Отец, рассказывала мать, так мечтал о мальчике, что с девчонкой вообще не знал, что поделать, совсем не то, что с родившимся двумя годами позже сыном, Карлом-Хайнцем. И действительно, ни на одной из фотографий его не увидишь в физическом соприкосновении с дочерью, ни за ручку, ни на руках, ни на коленях. Много позже, сестра лежала в больнице, уже и говорила с трудом, она сказала: наш отец, - она всегда говорила о "нашем" отце, "нашей" матери, что, видимо, должно было связать нас не только грамматически, - наш отец всегда меня недолюбливал. В отличие от Карла-Хайнца. Но тот и вправду был вылитый папа. Сестра так и выросла в его тени. Ее желаний почти не замечали, даже мать, обычно такая благорасположенная и справедливая. Сестра, кстати, была на нее похожа, только более темная - волосы почти смоляные, глаза темно-карие.
- На цыганенка похожа, - сказал как-то сосед, когда ее, еще совсем малышкой, увидел. Мать была возмущена и с соседом с тех пор не здоровалась.
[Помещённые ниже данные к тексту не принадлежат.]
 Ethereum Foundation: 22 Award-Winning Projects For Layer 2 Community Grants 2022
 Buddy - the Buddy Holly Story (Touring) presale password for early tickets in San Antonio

Ну а последненький? Волосы светло-русые, по фигуре в отца, похож на него и формой головы, и линией шеи, и вихром на затылке, и формой рук, но глаза от матери, карие, - да, это я.
Ханне Лора - именно так, с заглавных букв и по отдельности, требовала она писать свое имя, как
будто необычность написания способна служить подтверждением ее неповторимости. Она не смогла выработать в себе стержня, чтобы уметь настоять на своем и вообще чего-то добиваться в жизни. После школы окончила курсы домохозяек, потом исполняла трудовую повинность. И чуть было не утонула. Вожатая спихнула ее в самое глубокое место бассейна: в суровые военные годы подобный способ обучения плаванию считался наиболее эффективным. Сестра заорала, захлебнулась, ушла под воду, вынырнула ненадолго, потом окончательно пошла ко дну. Ее спас инструктор.
- Просто я из тех, кому нет в жизни счастья, - сказала она тогда. И в дальнейшем повторяла не раз, не делая из этого никакой трагедии, не поднимая шума, скорее бесстрастно констатируя: нет мне в жизни счастья. Первый жених погибает пехотинцем в России, она знакомится с новым мужчиной, уже помолвлена с ним - в 1944-м он попадает в русский плен. Она ждет его до 1951-го, семь лет ждет, пока не приходит похоронка: ее жених умер в русском лагере. Наконец, она влюбляется в мужчину, внешне очень похожего на отца, - рослый, блондин, привлекательной наружности, он арендует ювелирный магазин, и она, конечно, становится лучшей его клиенткой, покуда отец однажды попросту не выставляет его из дома. Она продолжает встречаться с ним тайно, задаривая родственников столовым серебром, ложками, вилками, ножами, последние, впрочем, всегда перевязаны лентой, во избежание ссор, чтобы "не перерезать нити дружбы". А у ее суженого, как тем временем успевает разузнать отец, еще две невесты. Однако сестру неспособно отпугнуть даже это, на сей раз вместо серебра гений торговли продает ей целую историю, объясняющую, почему обе предыдущие помолвки еще не расторгнуты, - и сестра "покупается", верит ему...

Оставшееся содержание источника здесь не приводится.